SHARE GOP gov candidates careful with term limit issue

SPRINGFIELD — As lawmakers with 60 years of experience among them, three of four Republican candidates for governor in Illinois have crafted careful positions on the subject of mandatory term limits.

One of them, state Sen. Bill Brady, supports limits for all lawmakers and the governor. Two others, state Sen. Kirk Dillard and state Treasurer Dan Rutherford, say only the roles of legislative leaders should be capped, according to their answers on a campaign questionnaire from The Associated Press.

The term limits issue, long popular with voters but never adopted in Illinois, was forced into the campaign by the fourth contender, Bruce Rauner, a Winnetka businessman who has never held office and is pushing for a constitutional amendment on the November ballot that would limit legislators to eight years. But he wouldn’t legally limit a governor’s tenure, instead promising to “self-impose” an eight-year limit on himself if he wins.

For months, discussion of the issue has overlapped with another central issue in the governor’s race — whether Illinois wants a “career politician” or a self-styled “outsider” to run the state for the next four years, and for that matter, how exactly to define a career politician.

“When Bruce stands here and says the three of us are part of the problem — all three of us are citizen legislators,” Dillard, a 20-year senator who is also a partner at a Chicago law firm, said at a candidate debate. “We all have private sector experience…I’m not part of the problem.”

The ballot proposal would place the eight-year limits on members of the Senate and House, among other structural changes to the Legislature. Nationwide, more than 20 states have adopted limits, but only about a dozen actually use them because some were either thrown out by courts or repealed.

Mark Campbell, spokesman for a Rauner-backed Term Limits and Legislative Reform Committee, said the initiative is approaching the 300,000 signatures needed by a May 6 deadline to put the measure on the ballot.

“Term limits is not a cure-all, but in a state as corrupt as Illinois, (it) will help eliminate the incentives for self-dealing and will help make politics about public service again,” Rauner wrote in his AP questionnaire.

But his opponents have derided the term-limit push as a “gimmick” that Rauner is using to boost his own campaign without considering negative effects in Springfield. They say the limits restrict voters’ right to choose the representative they want, deprive the lawmaking process of experience and inadvertently empower state bureaucrats.

Brady has been a senator since 2002 and served in the House for eight years before that. But he regularly talks about his work running a family-owned construction company as well as real estate business in Bloomington as evidence of what he calls his pro-business platform.

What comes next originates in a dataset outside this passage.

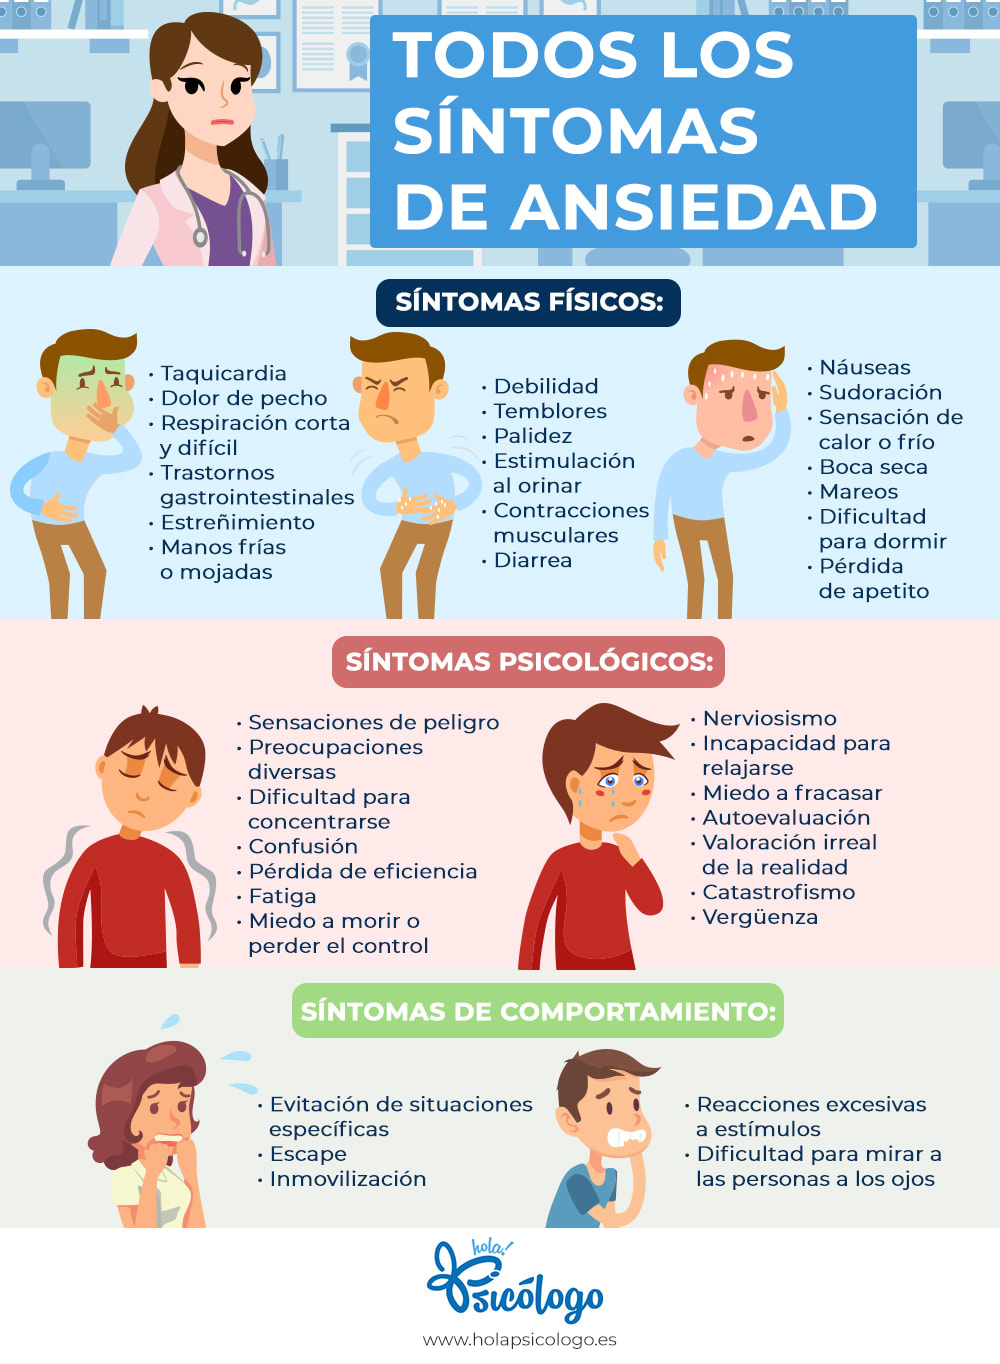 Todos los sintomas de ansiedad - Infografia HolaPsicologo

He has been vocal in backing term limits. He points to past term-limit legislation he’s sponsored, and says 10-year limits of service should be placed on members of each chamber, with statewide officers, including the governor, able to serve only one, four-year term.

He argues that the Legislature’s real problem is unrestricted terms for legislative leaders. He and others note that House Speaker Michael Madigan, a Chicago Democrat, has controlled his chamber for almost 30 years.

That also is the thrust of Dillard’s arguments. The Hinsdale Republican supports limits for legislative leaders, but not for rank and file lawmakers, contending that allowing voters to vote politicians out of office is “quicker and better.”

Dillard, a senator since 1994, regularly touts his government experience working for former Republican governors Jim Edgar and Jim Thompson. In the AP questionnaire, he wrote that Rauner’s proposal, particularly the element that consolidates Senate districts, would reduce downstate Illinois’ influence “while further empowering Chicago leaders.”

He stresses that the governorship isn’t an “entry-level job.” But he also notes that Rauner has worked with Chicago Mayor Rahm Emanuel and others on school reform and other political causes.

“Bruce Rauner is the king of all pay-to-play politics in the history of Illinois,” Dillard said.

Rutherford was in the House for 18 years before being elected treasurer in 2010. But he describes himself as a “citizen legislator” who simultaneously amassed decades of business experience with the ServiceMaster company, working to help the company expand licensing services abroad.

The Chenoa Republican says he only favors limiting the terms of legislative leaders, which would “discourage a consolidation of power in a few positions of influence not directly accountable to the voters.”

“I have been around as a citizen legislator enough to know what needs to get done,” Rutherford said. “I know the skill set it will take to turn Illinois around.”